Unnamed: 0_level_0,nexus_meter,HourlyAltimeterSetting,HourlyDewPointTemperature,HourlyDryBulbTemperature,HourlyRelativeHumidity,HourlyStationPressure,HourlyVisibility,HourlyWindSpeed,HourlyWindDirection,HourlyPrecipitation,cloud_coverage
DATE,Unnamed: 1_level_1,Unnamed: 2_level_1,Unnamed: 3_level_1,Unnamed: 4_level_1,Unnamed: 5_level_1,Unnamed: 6_level_1,Unnamed: 7_level_1,Unnamed: 8_level_1,Unnamed: 9_level_1,Unnamed: 10_level_1,Unnamed: 11_level_1
2018-01-30 05:00:00,0.0,30.47,11.0,14.0,88.0,29.64,10.0,5.0,330.0,0.0,0.0
2018-01-30 06:00:00,0.0,30.46,11.0,14.0,88.0,29.63,10.0,5.0,350.0,0.0,0.0
2018-01-30 07:00:00,0.0,30.45,10.0,13.0,88.0,29.62,10.0,0.0,0.0,0.0,0.0
2018-01-30 08:00:00,0.0,30.47,11.0,14.0,88.0,29.64,10.0,6.0,260.0,0.0,0.0
2018-01-30 09:00:00,0.0,30.5,11.0,13.0,92.0,29.67,10.0,6.0,260.0,0.0,0.0
2018-01-30 10:00:00,276.6,30.48,13.0,16.0,88.0,29.65,10.0,0.0,0.0,0.0,0.0
2018-01-30 11:00:00,10128.0,30.53,13.0,21.0,71.0,29.7,10.0,3.0,166.892929,0.0,0.0
2018-01-30 12:00:00,17570.0,30.52,12.0,23.0,63.0,29.69,10.0,3.0,220.0,0.0,0.0
2018-01-30 13:00:00,16156.0,30.48,12.0,25.0,58.0,29.65,10.0,0.0,0.0,0.0,0.0
2018-01-30 14:00:00,12779.0,30.45,14.0,27.0,58.0,29.62,10.0,6.0,210.0,0.0,0.0


Great, the first modeling dataframe is all set up, now I can perform a train test split and begin modeling.

In [55]:
model_df.shape

(15351, 11)

I only have about 15,000 observations to work with and I need to split this data into three groups: training, validation, and testing. I would like the majority of data to be used to train the model (at least 10,000 observations). So I am going to do a 70-15-15 split. That gives me about 10,745 data points for training, and about 2,300 for validation and testing

In [62]:
# Separate target and features

# target
y = model_df['nexus_meter']

# features
X = model_df.drop('nexus_meter', axis=1)


In [63]:
# first train test split
X_train, X_test, y_train, y_test = train_test_split(X, y, random_state=42, test_size=.15)

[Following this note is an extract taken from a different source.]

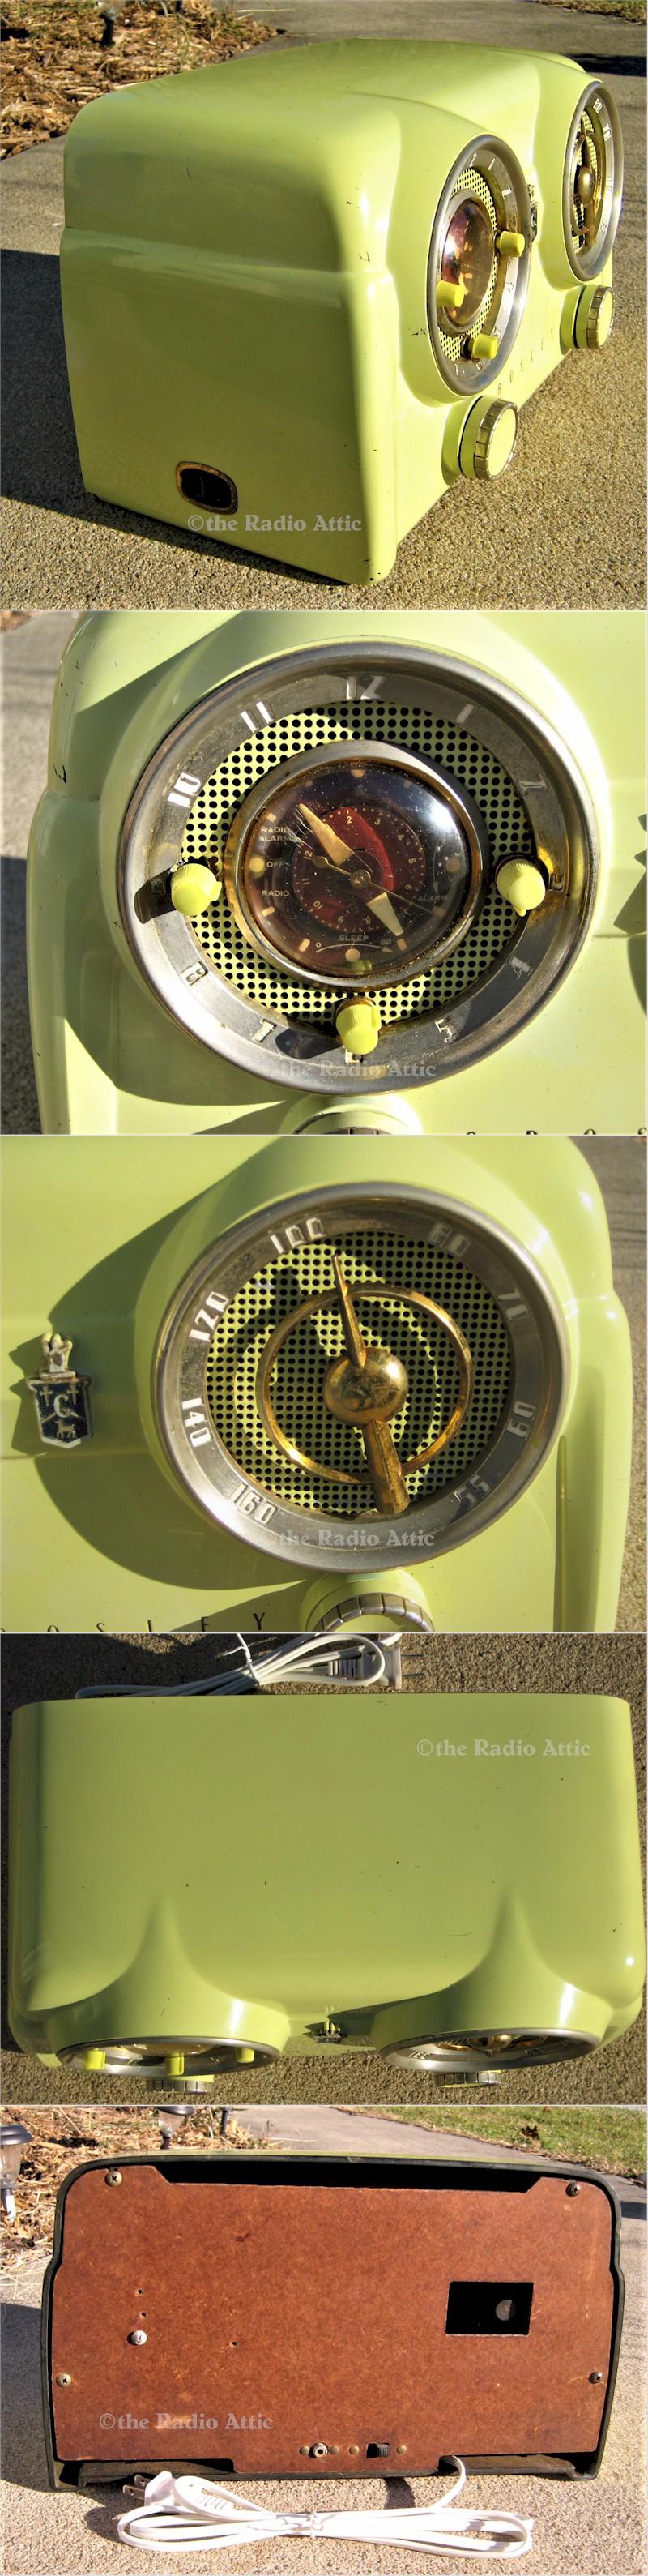 Crosley D-25CE "Dashboard" clock radio (1953)
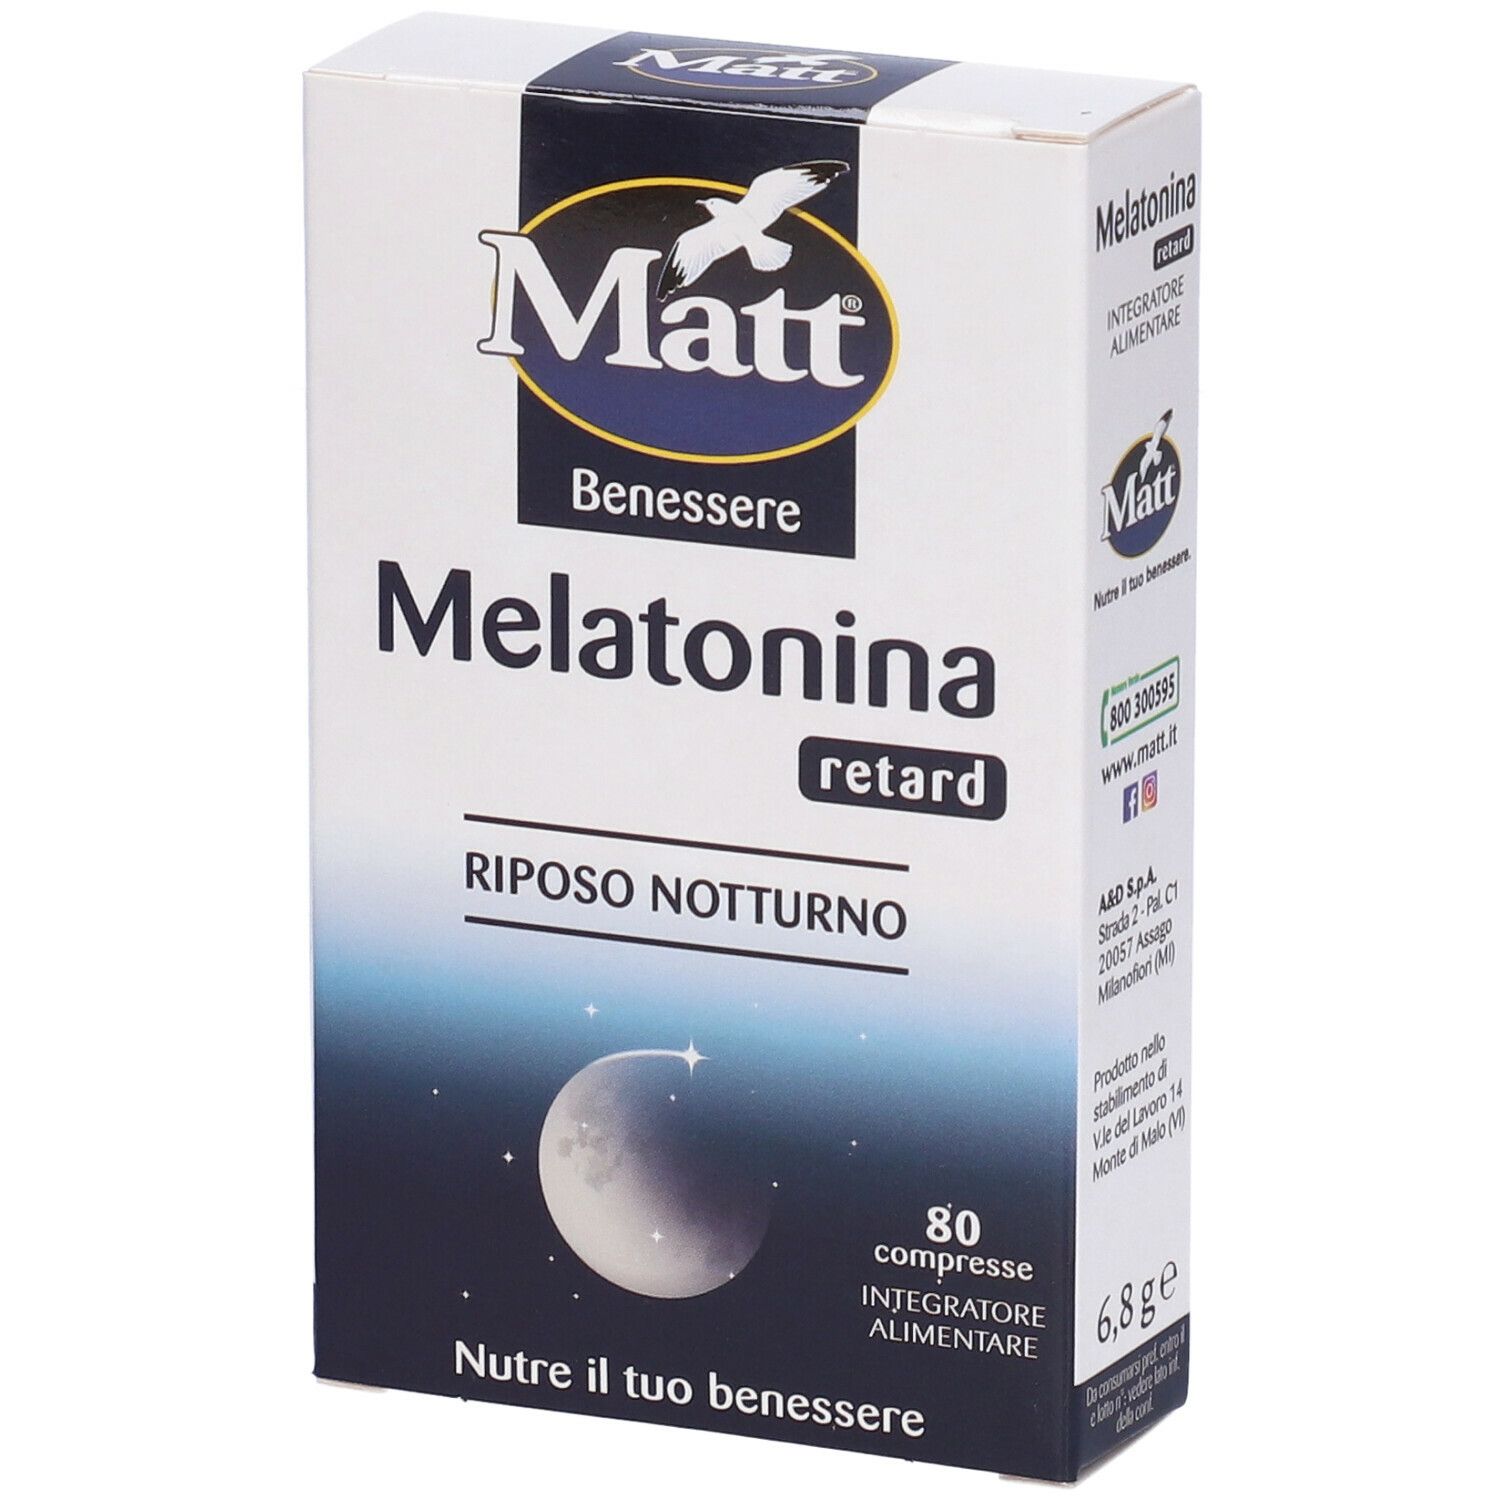 Image of Matt® Benessere Melatonina retard

I want to make sure X_test has the right amount of observations.

In [64]:
len(X_test)

2303

Great now I can perform the second split for training and validation data

In [83]:
X_t, X_v, y_t, y_v = train_test_split(X_train, y_train, random_state=42, test_size=.18)

I have all of my data separated into train, validation, and testing data. So now I can begin modeling.

## Model Iterations

### Linear Regression

The first model I am going to start with is just a step above the DummyRegressor used for the baseline model. 

### Note
I think past weather conditions will have a beneficial affect on the model. Shift the features back further. I'm thinking if the model can pick up on how the weather is changing and the rate it which it is changing it will likely be able to better infer what the whether WILL be at the time of energy generation.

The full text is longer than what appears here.